SOURCE DATA:

+ + + +

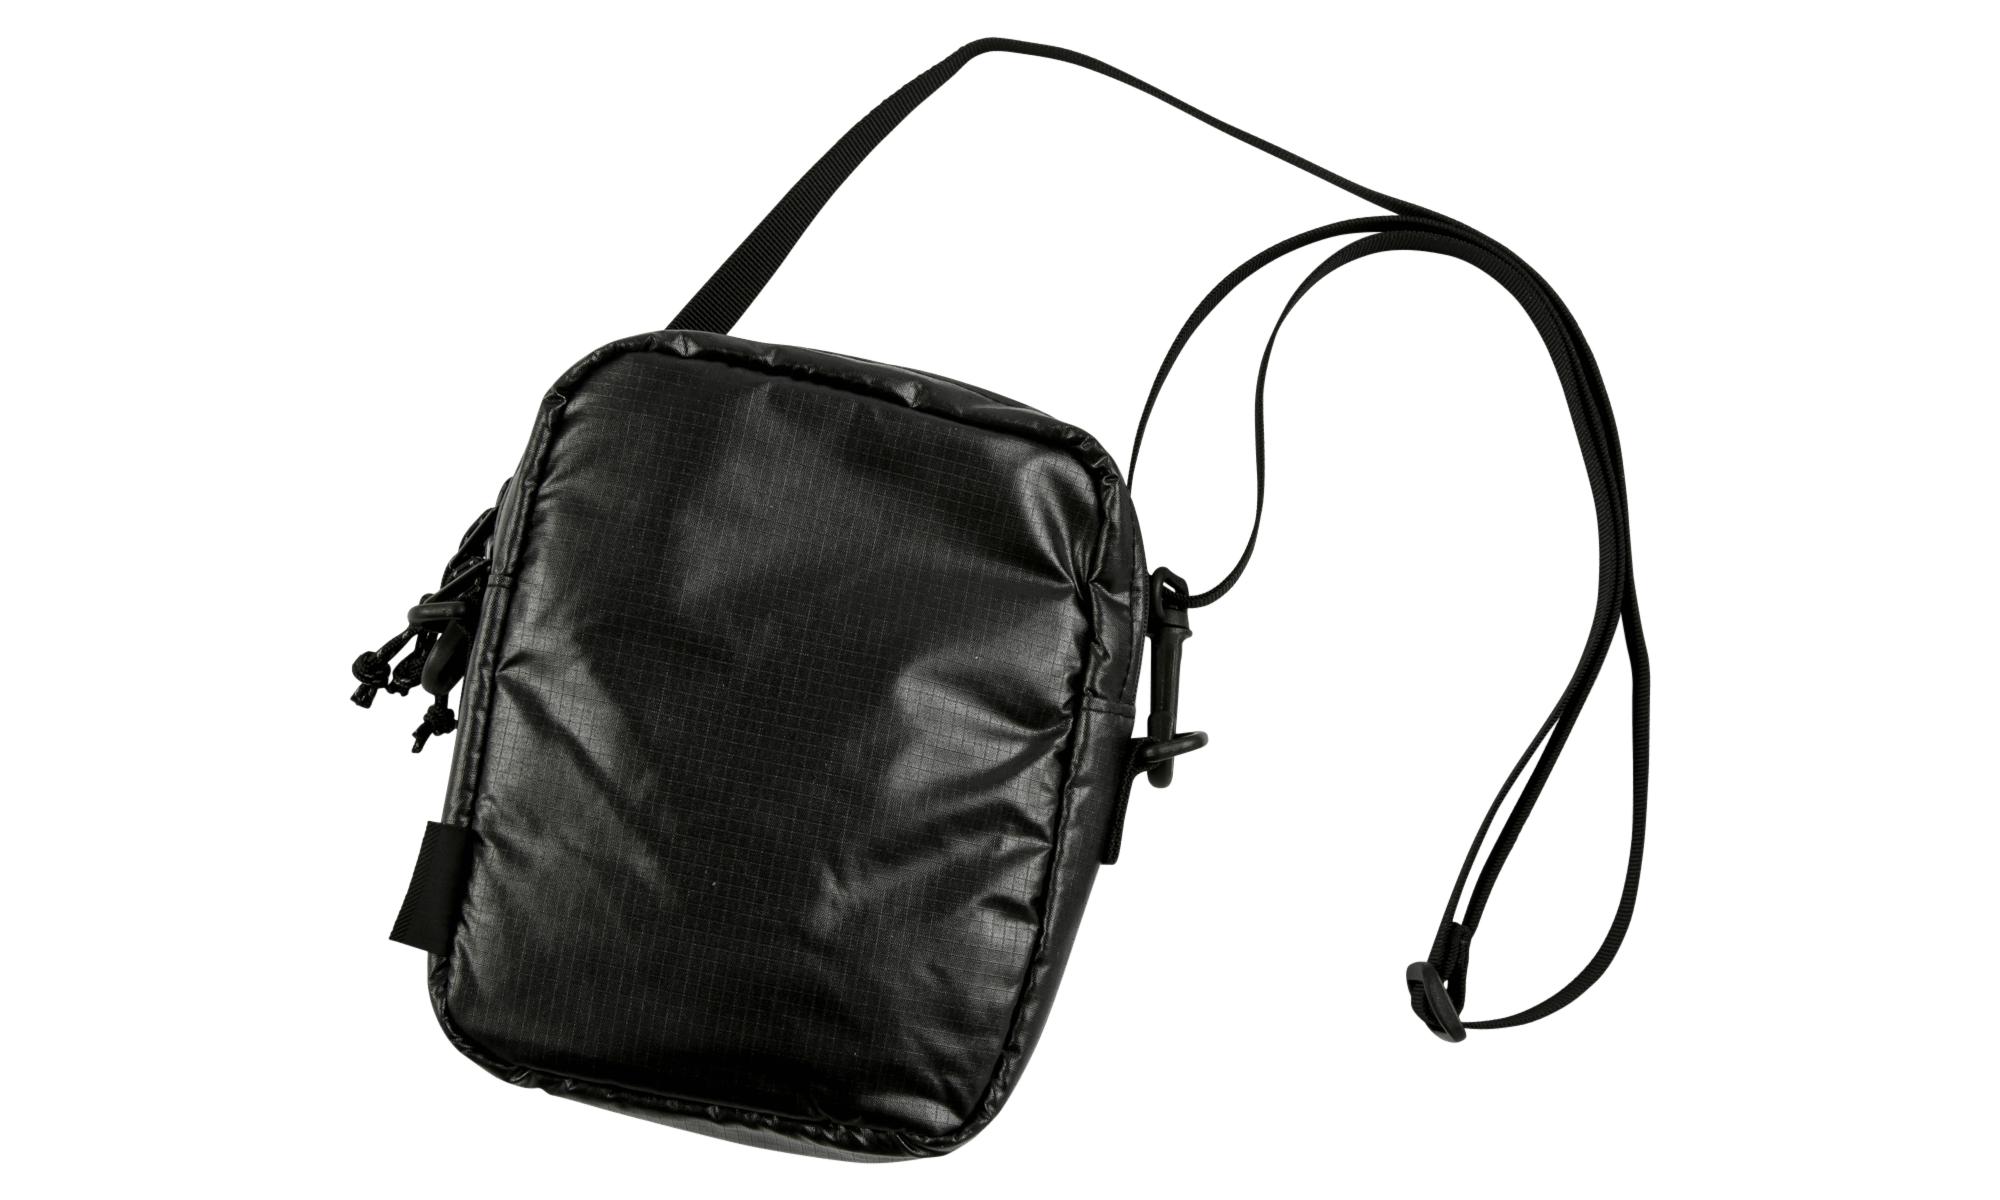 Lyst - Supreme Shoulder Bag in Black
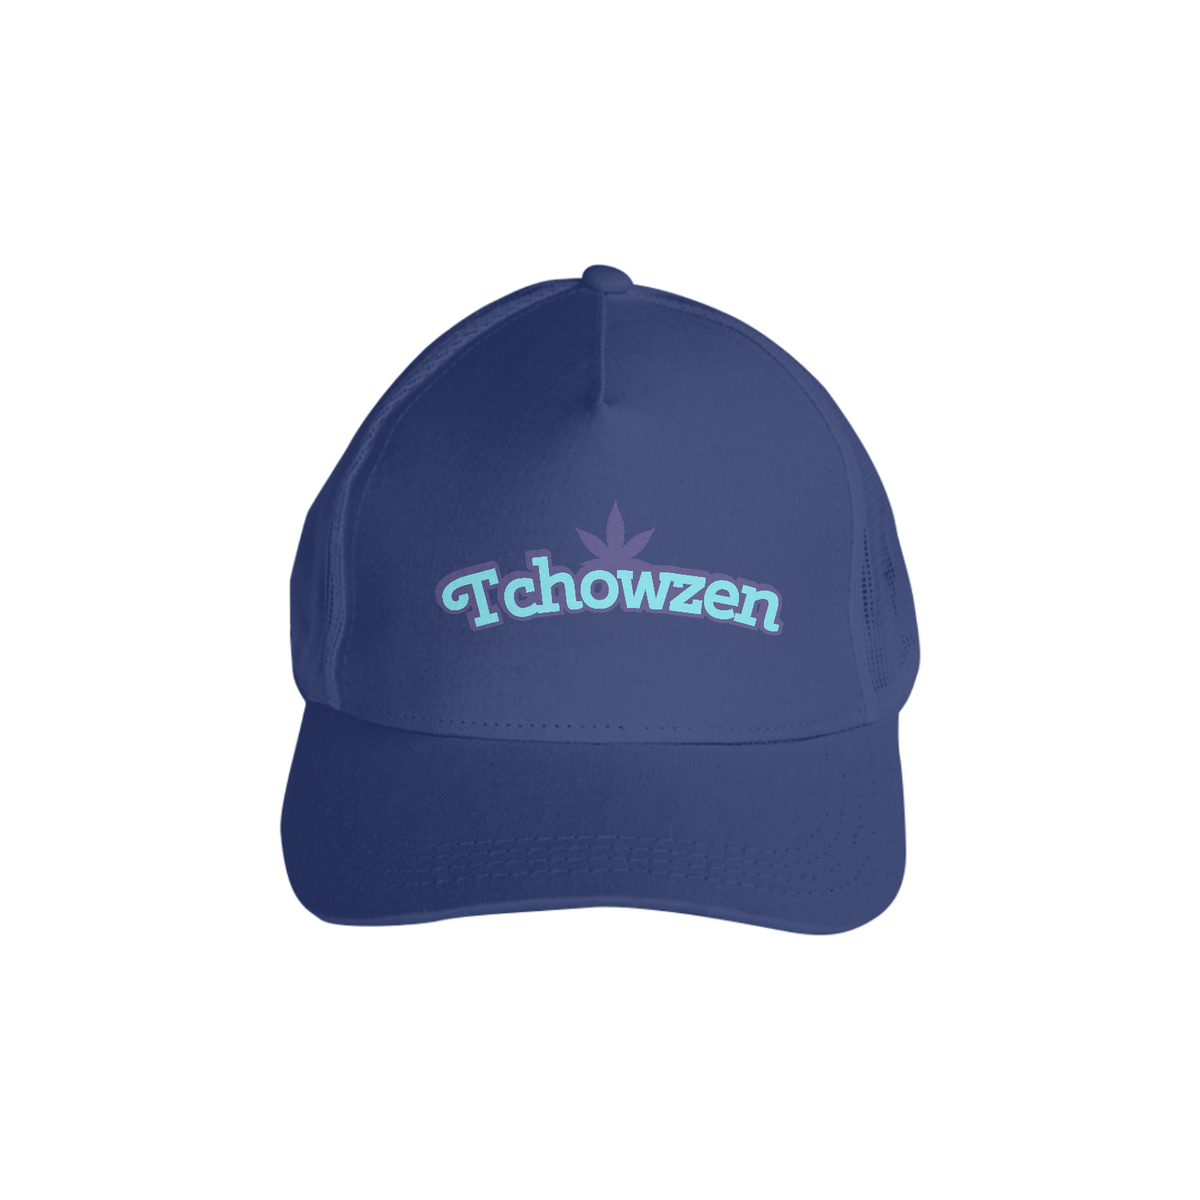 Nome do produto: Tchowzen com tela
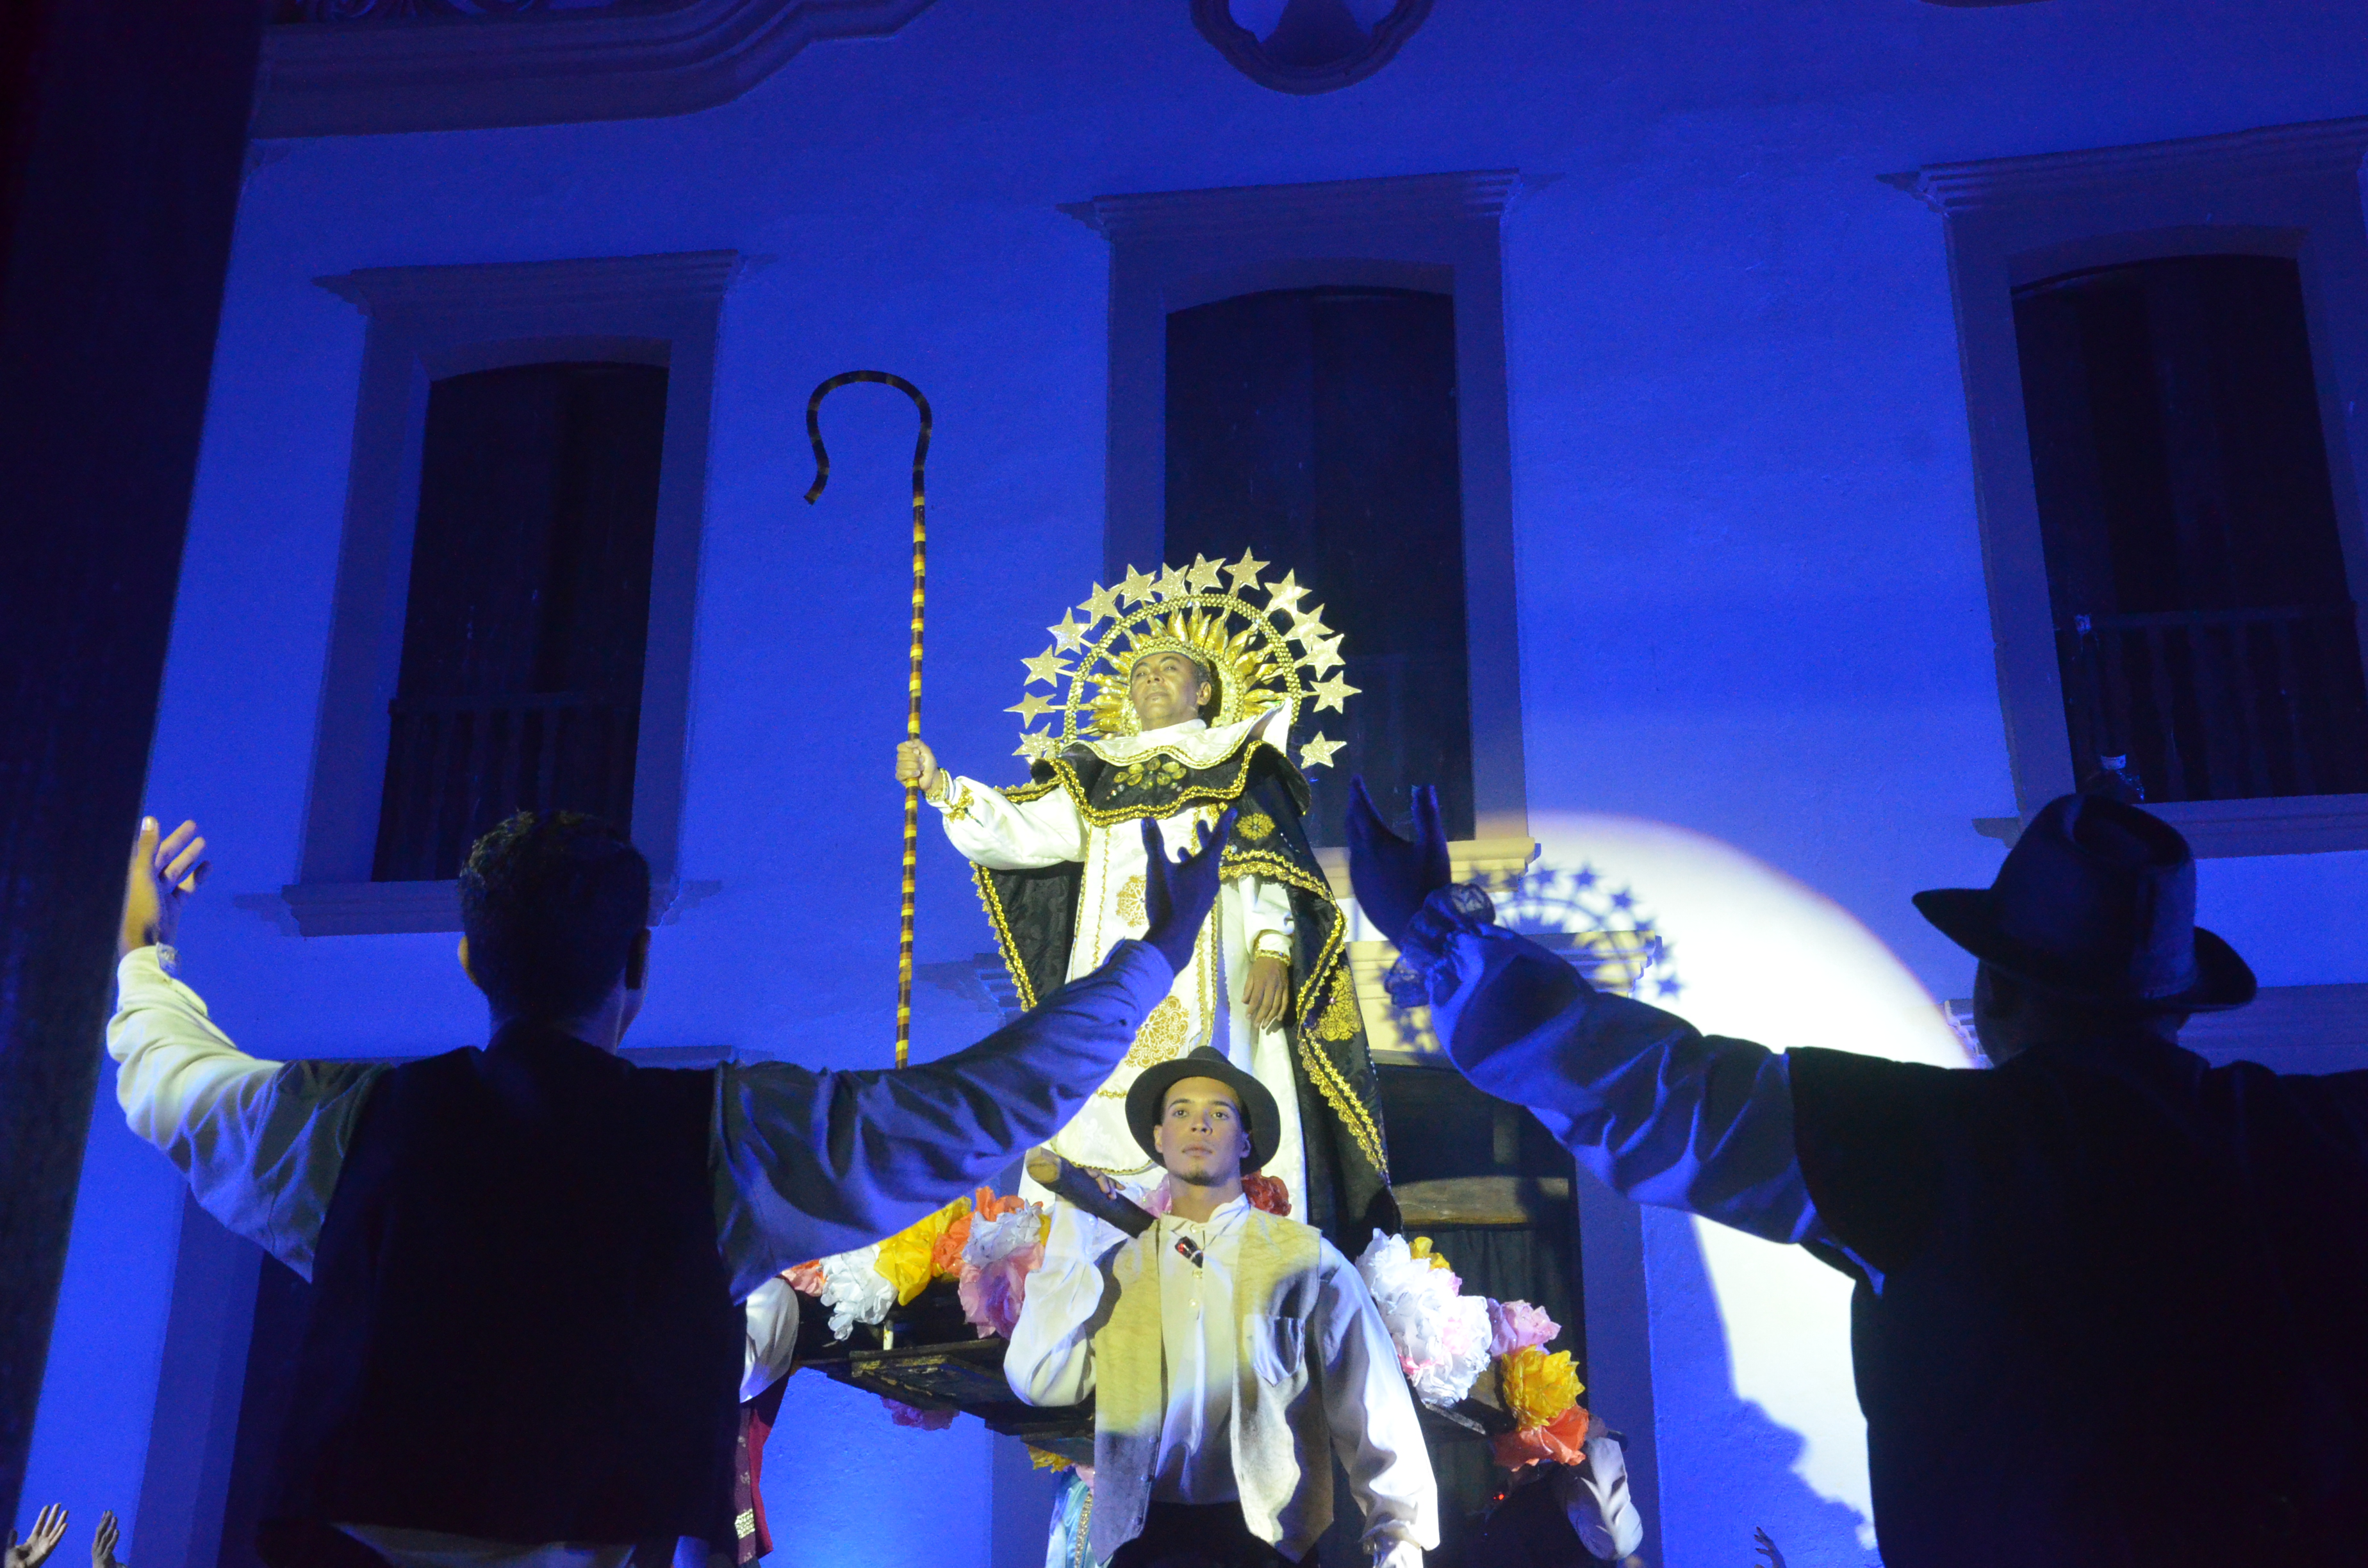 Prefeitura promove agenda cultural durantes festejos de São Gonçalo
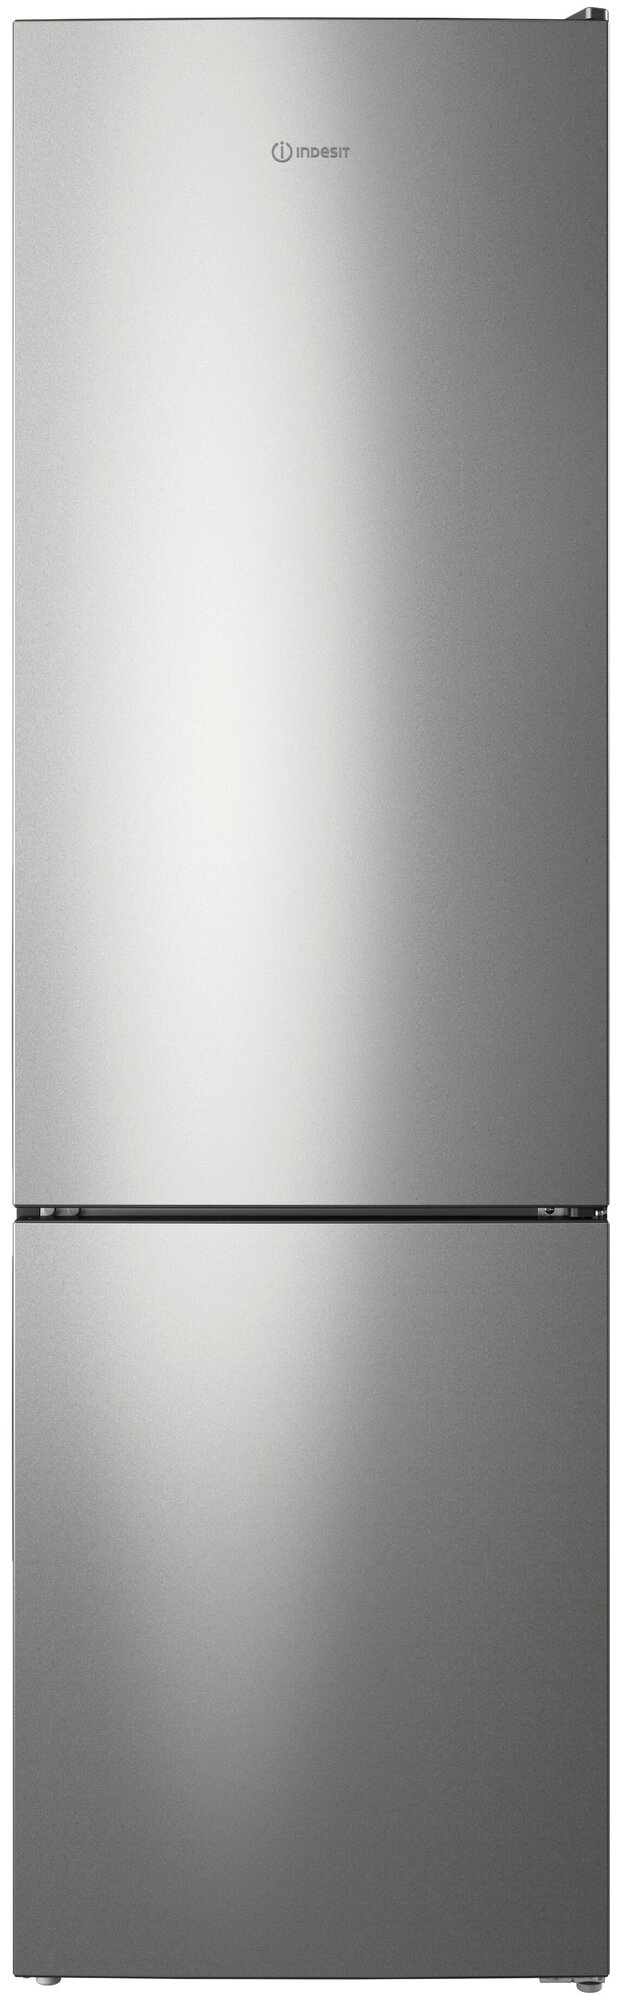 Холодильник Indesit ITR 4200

+ + + +

WHAT IS BEING ASKED: The output should be the material above, copied exactly, without its pictures.

TASK OUTPUT:
 Lyst - Supreme Shoulder Bag in Black
 Nome do produto: Tchowzen com tela
 Prefeitura promove agenda cultural durantes festejos de São Gonçalo
 Холодильник Indesit ITR 4200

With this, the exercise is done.